Despite challenges presented by the COVID-19 pandemic, LEAP is up and running this fall, through on-line sessions and face-to-face activities at reduced capacity at Cullowhee United Methodist Church, which is allowing the program to use its space free of charge.

“We have volunteers and interns from WCU working with the students. Most of the interns are practicum students working toward a minor in TESOL through the Department of English under my supervision,” Petrone said. The program also has hired several WCU students – many of them bilingual themselves – representing a variety of academic majors to serve as tutors, she said.

“I think the greatest thing about LEAP is watching our Latinx students and other multilingual students who came through the North Carolina public schools reaching out and helping Cullowhee Valley’s English language learners to ensure they do well in school and have the opportunity to go to college themselves,” Petrone said.

LEAP is directed by Juan Díaz Juárez, who has worked as an educator and community coordinator both in the United States and in Mexico.

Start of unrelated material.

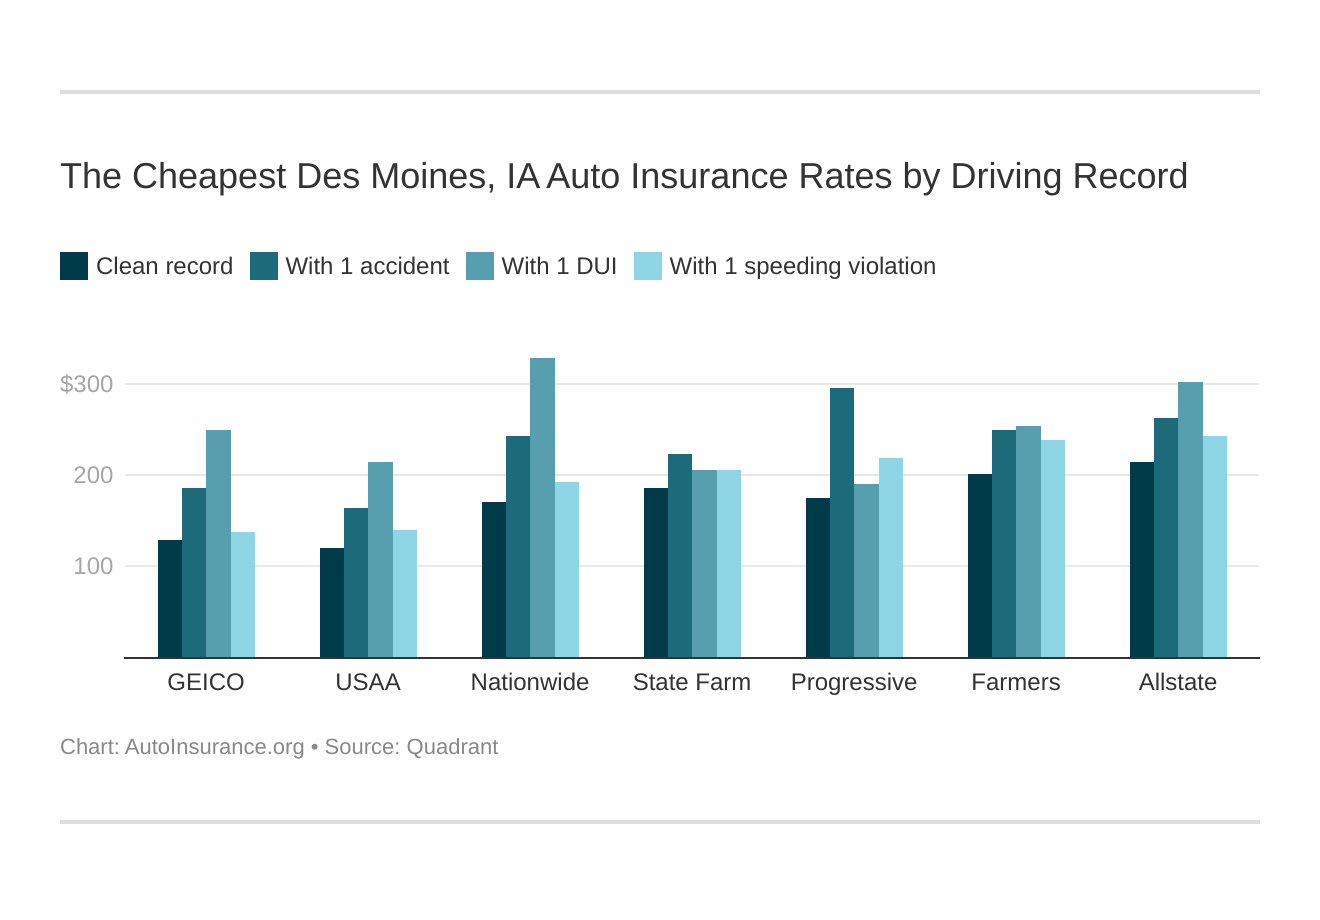 The Cheapest Des Moines, IA Auto Insurance Rates by Driving Record

Díaz Juárez has been instrumental in collaborating and supporting the families served by LEAP, as well as navigating many aspects of the grant, said Petrone.

“We are fortunate to have found someone with such expertise,” she said. “In Mexico, he worked on a national grant, which was sponsored by the Bill and Melinda Gates Foundation and was honored with an award by the United Nations for improving the delivery of public services.”

Díaz Juárez said he thinks of LEAP as not just a program, but also as a tight-knit community. “This is an environment where everyone can learn, whether you are learning as a student or a teacher,” he said. “I want the Cullowhee Valley School students to say not just ‘you are my teacher,’ but also say ‘you are part of my community and part of my family – my LEAP family.’”

The federal funding for the program is being administered by the North Carolina Department of Public Instruction through the 21st Century Community Learning Centers Program. An earlier version of the program was funded through a time-limited grant that expired in 2017.